"Keeping the vein of that analogy though Fubar, lice-picking and sex are ways that primates bond. They don't do those things with strangers from another primate group.

Hugging and sex are ways humans bond."

Well that's my point. At some point humans decided that lice-picking wasn't bonding, but was utilitarian, and so it was acceptable just to pay someone to do it for you.

In many other primate communities, animals are promiscuous, and sexually active couples or groups don't always bond for life.

Lest we get in to an argument that 'humans aren't animals' my point is just that if sex is so shameful and prostitution so dirty, why is it 'the oldest profession'? In my mind, sex isn't shameful, nor is promiscuity. It may be socially unacceptable, but I think that's for cultural reasons, not for inherent behavioural reasons.

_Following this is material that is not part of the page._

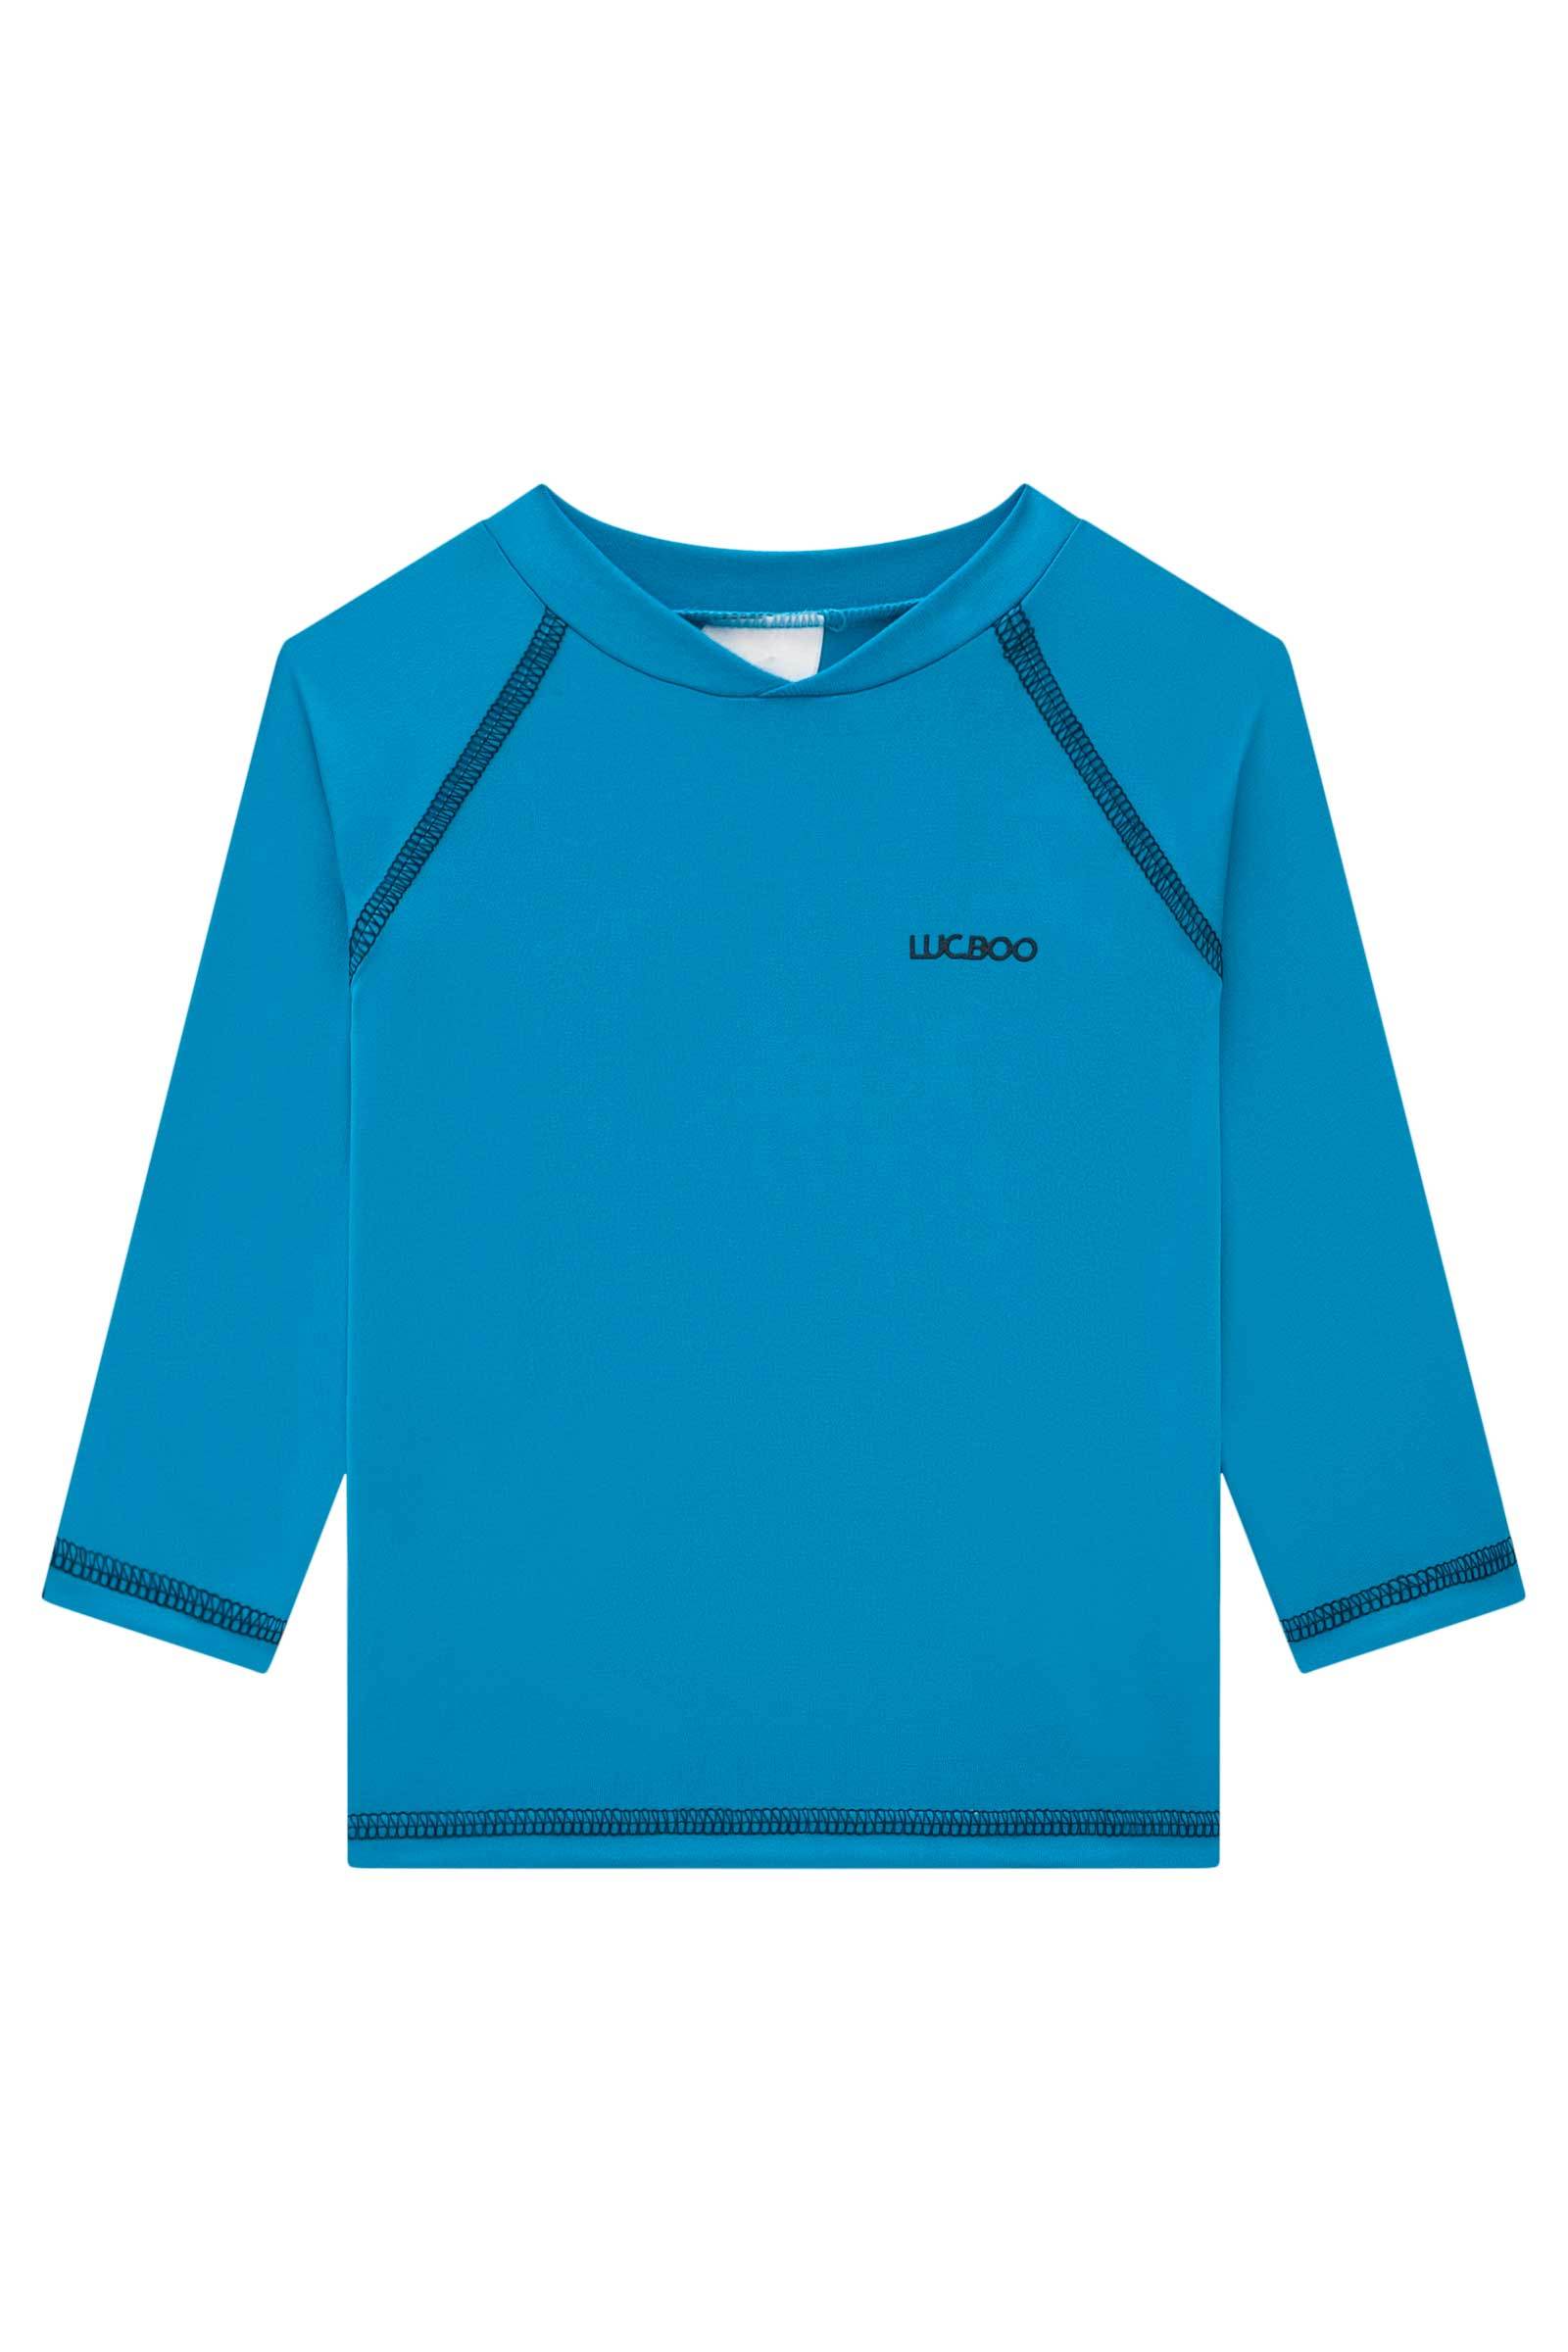 Camiseta em Malha UV Dry com Proteção UV 50+ 74998 LucBoo
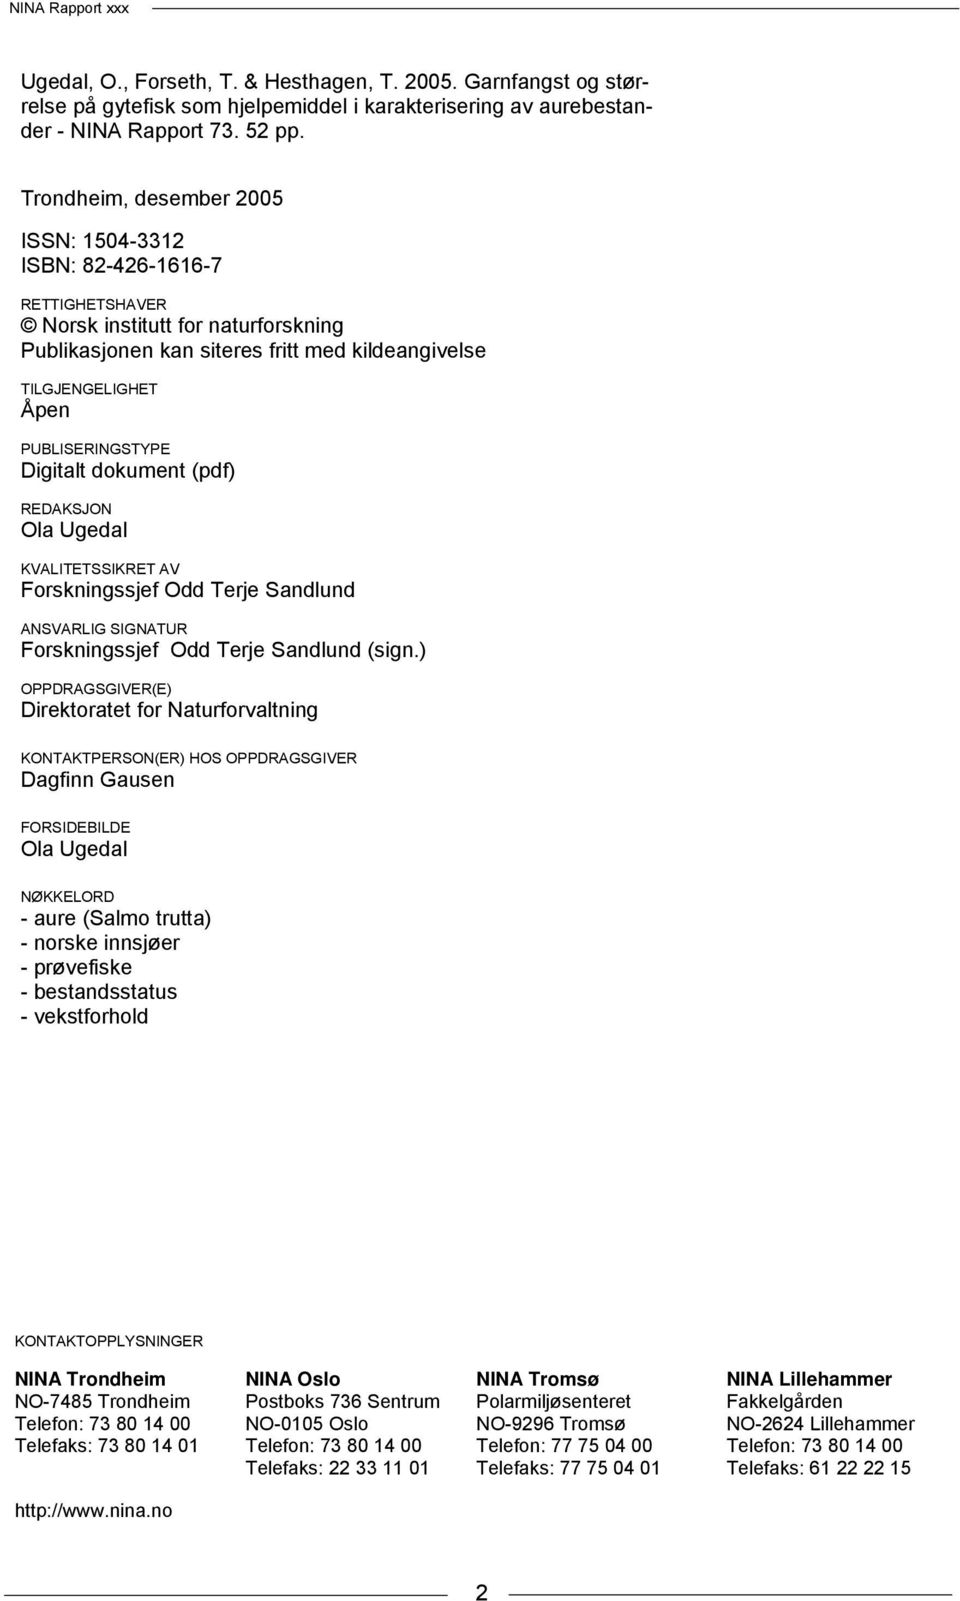 PUBLISERINGSTYPE Digitalt dokument (pdf) REDAKSJON Ola Ugedal KVALITETSSIKRET AV Forskningssjef Odd Terje Sandlund ANSVARLIG SIGNATUR Forskningssjef Odd Terje Sandlund (sign.

There are plenty of taboos that are now acceptable and offered as a service/commodity:

Organ donations - technically it's illegal, but a black market does exist for human body parts.
Surrogacy - some women are happy enough to pay for another woman to carry their child to term
Wet nurses - allowing another woman to breastfeed your baby isn't considered gross by everyone
Counselling - opening up to a therapist and telling her/him your deepest most shameful secrests isn't, oddly, shameful to most people

Some cultures would regard the above as shameful, but other cultures find them acceptable. I think sex is no different - the associated shame is created by social values and little else.